**TASK GOAL**
All of the data is to be printed exactly, though the images must be left off.

DATA below:

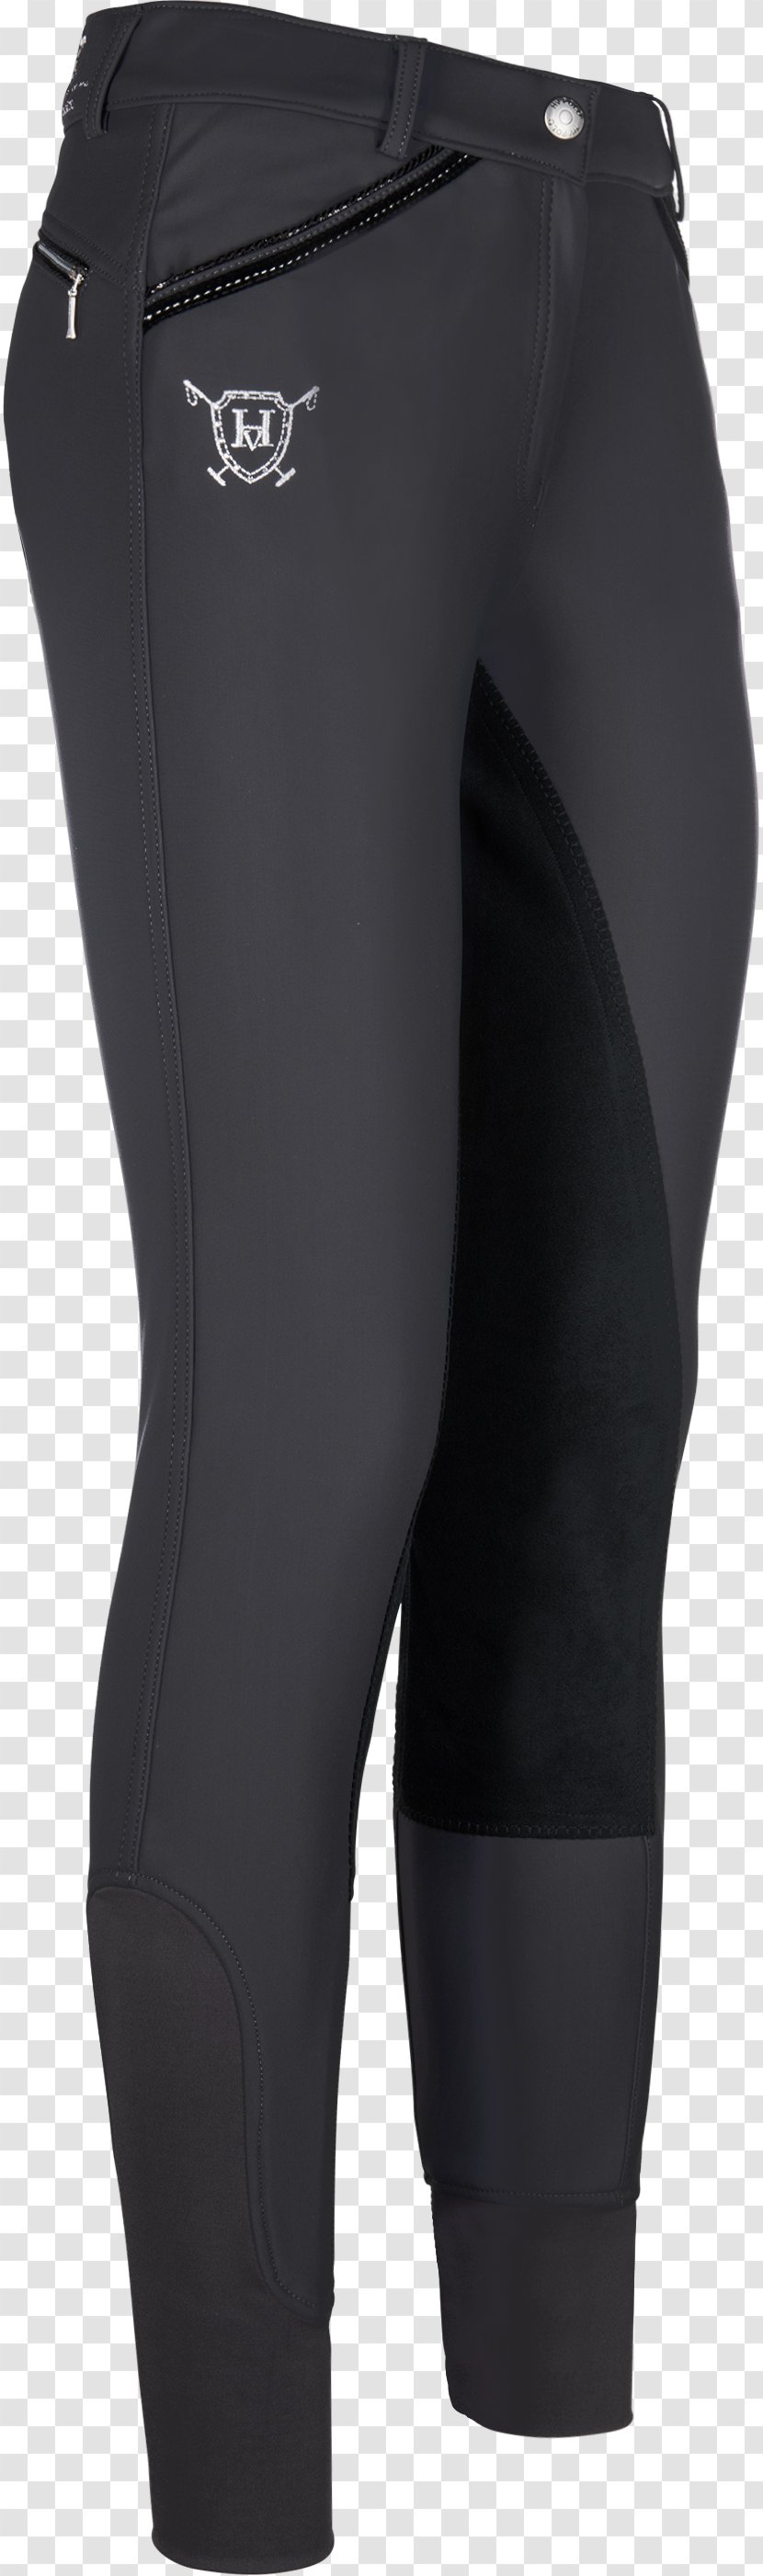 Tracksuit Pants Leggings Clothing Adidas - Black Transparent PNG
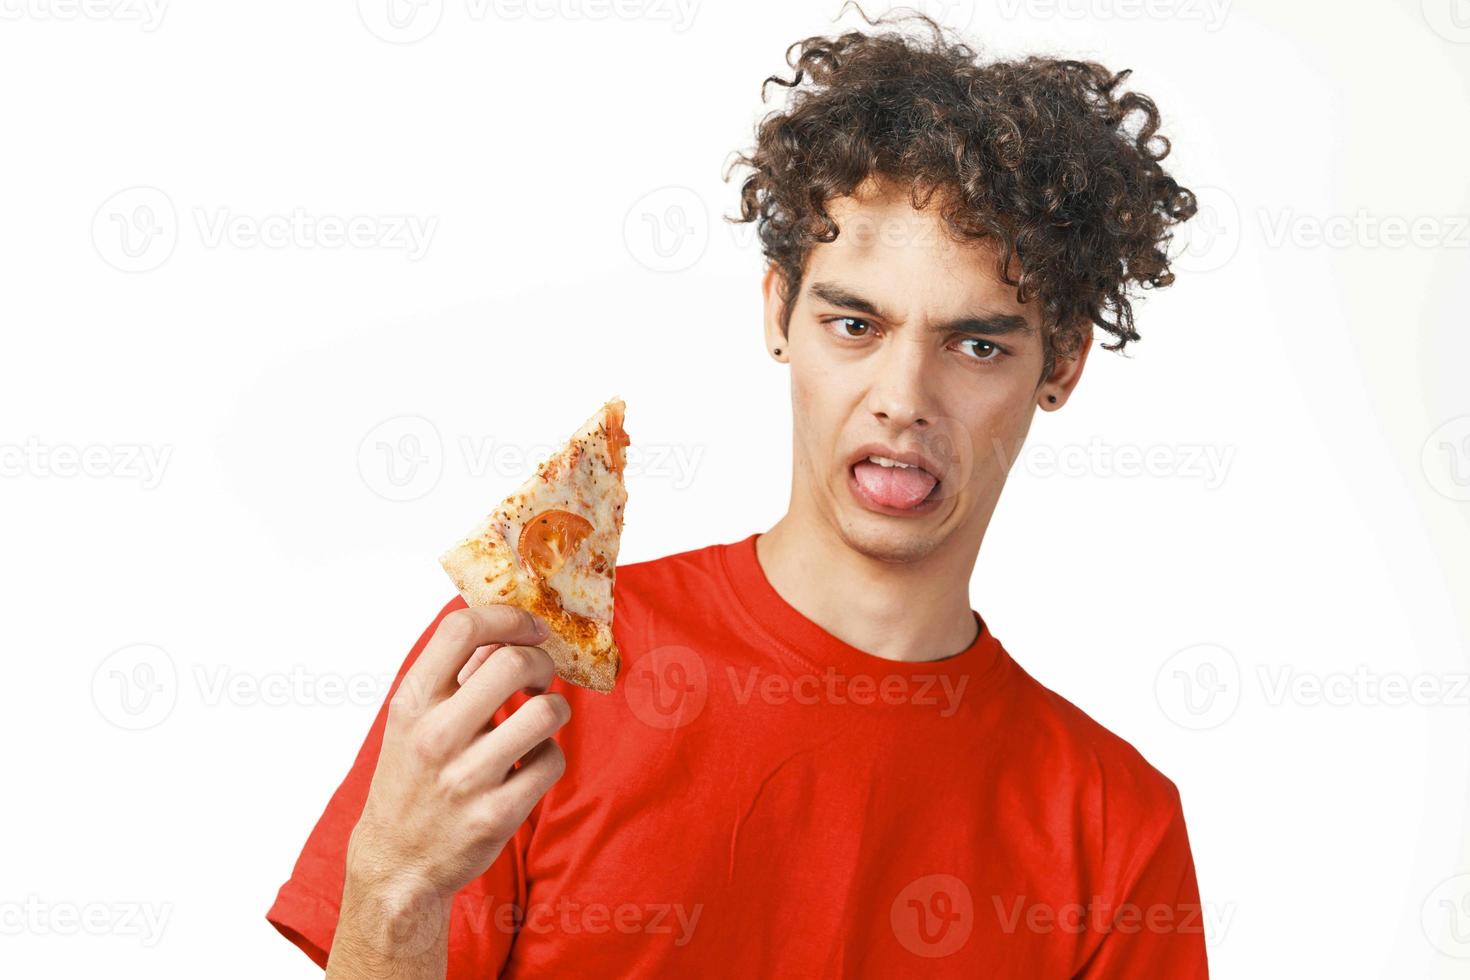 vent in rood t-shirt snel voedsel eetpatroon voedsel tussendoortje licht achtergrond foto
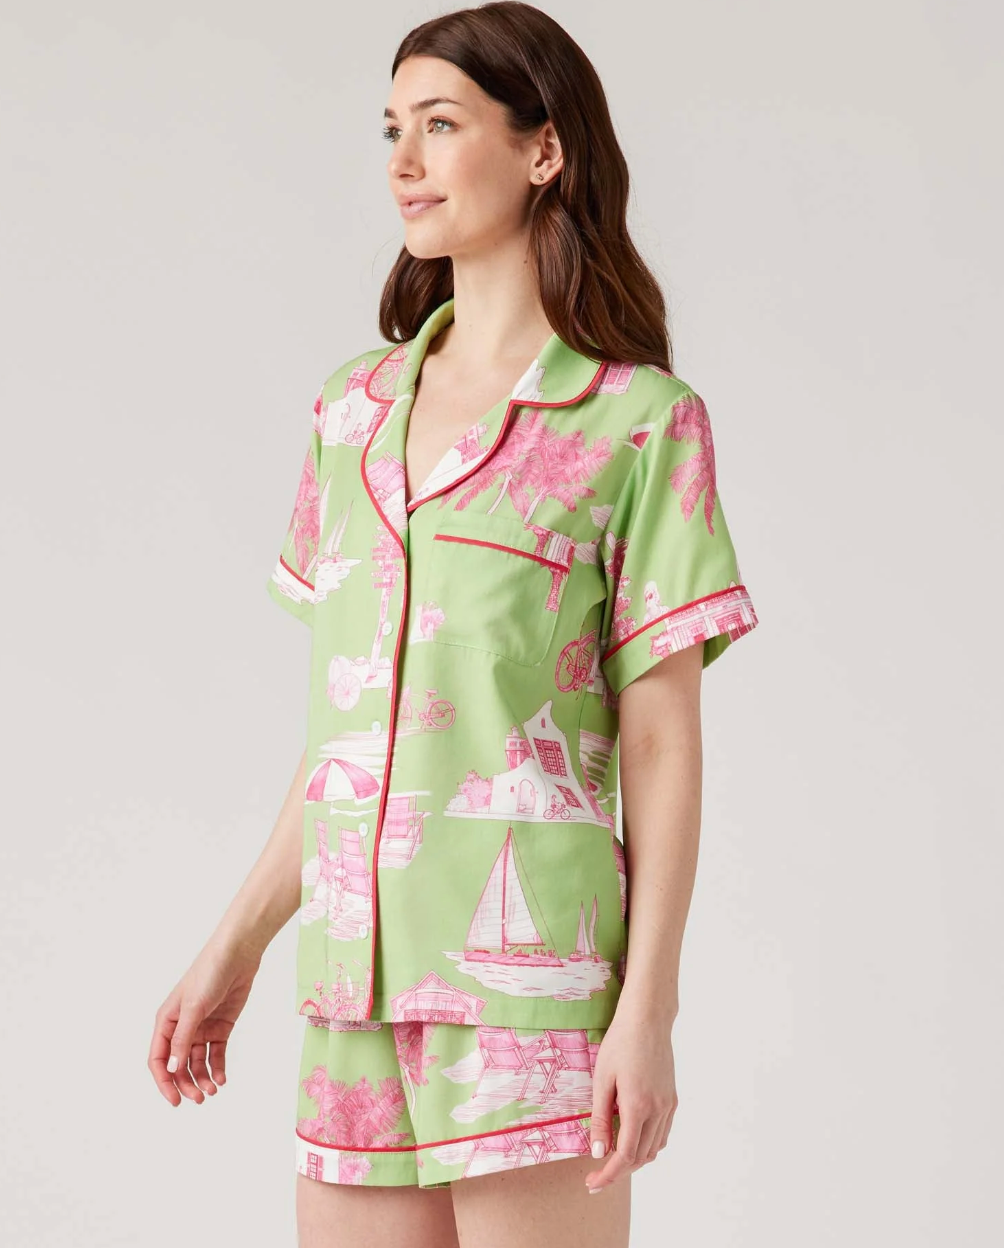 Florida Toile Pajama Short Set - Pink/Green - Katie Kime

End of DATA.

**REPLY**
 Tracksuit Pants Leggings Clothing Adidas - Black Transparent PNG
 vent in rood t-shirt snel voedsel eetpatroon voedsel tussendoortje licht achtergrond foto
 Florida Toile Pajama Short Set - Pink/Green - Katie Kime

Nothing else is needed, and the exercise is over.